We begin our 2 weeks trip to Newfoundland with our landing in St-John’s landing mid afternoon. After picking up our rental car from Avis we make our way easily to our first home here, The Murray Premises Boutique Hotel.

We are pleasantly surprised with convenient free parking right in front of the hotel and a quaint reception area.
We decide to begin our hiking right away and head for the long path along the water up to signal point. Absolutely beautiful views of the city as we hike up and several stretches where Chuck finds it much too close to the edge 😂
We are also excited to see our first of many icebergs!

Our Fitbit indicates that we covered 12km that day and 18,000 steps!!



After visiting at the top a bit, we head back down via the city on a steep decline which turns out to be much harder on my knee!!
Back in the city, we head to Trapper John’s for the screeched in ceremony. We are greeted John who was a very colourful fellow with lots of stories.
We discover that this involves 4 things. We must eat something from Newfoundland which turns out to be bologna or what is known as a Newfoundland steak. We must have a shot of screech rum. Which is Jamaican rhum bottled here in Newfoundland. We must repeat a local saying about old friend being the support for our sailing forward, very lovely. Then we must kiss the king of Newfoundland which of course is a frozen cod. We perform all these steps to John’s multiple stories and receive our certificate making us honorary Newfoundlanders!

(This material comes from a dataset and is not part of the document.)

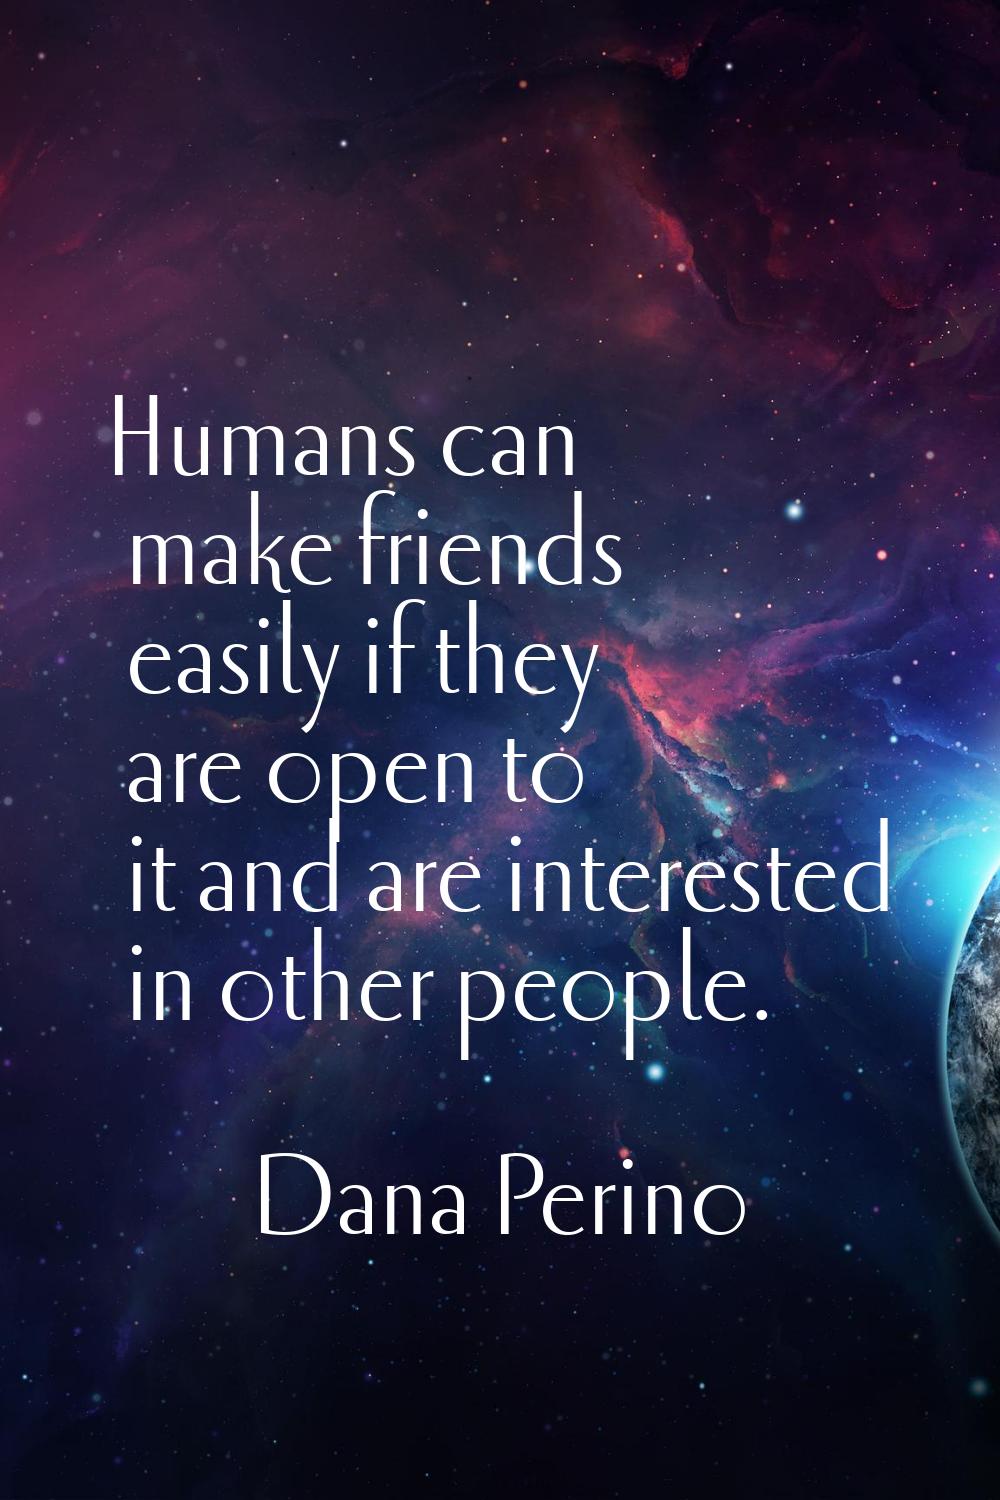 Humans can make friends easily if they are open to it and are interested in other people.

We then head to a local pub on George St for some cod and local music.
On Sunday we head south to Cape Spear, the easternmost point in North America and hike part of the eastern coast trail toward Maddox Cove.



We are treated to beautiful cliffs and more icebergs. The scenery is reminiscing of the northern Scotland we visited a few years ago. Very windy coast!



Our stop for lunch is at the Murray Landscaper Grounds cafe (farm to fork) as featured in an article in the Globe and Mail that we had read. Excellent vegan food in a nice, bright and airy dining room.
We then drive up to Stiles Coves to hike up to the beautiful cliffs and waterfall.


Well worth the drive/hike. A little bit down the road we stop at the end of the Pouch Cove trail in Flatrock to take a look at the flat rocks, the waterfall in Big River and the stunning waves crashing on those rocks. Loved it!!


We then make a stop at the Quidi Vidi brewery for a few sampler of the local beer, one of which made with iceberg water, before heading back home.
Our Fitbit today says 14 km, 20,500 steps.
Well earned dinner at Exile, the restaurant part of the Jag hotel owned by the cousin of one of Chuck’s friend. What an awesome decor and atmosphere with multiple posters of music legends.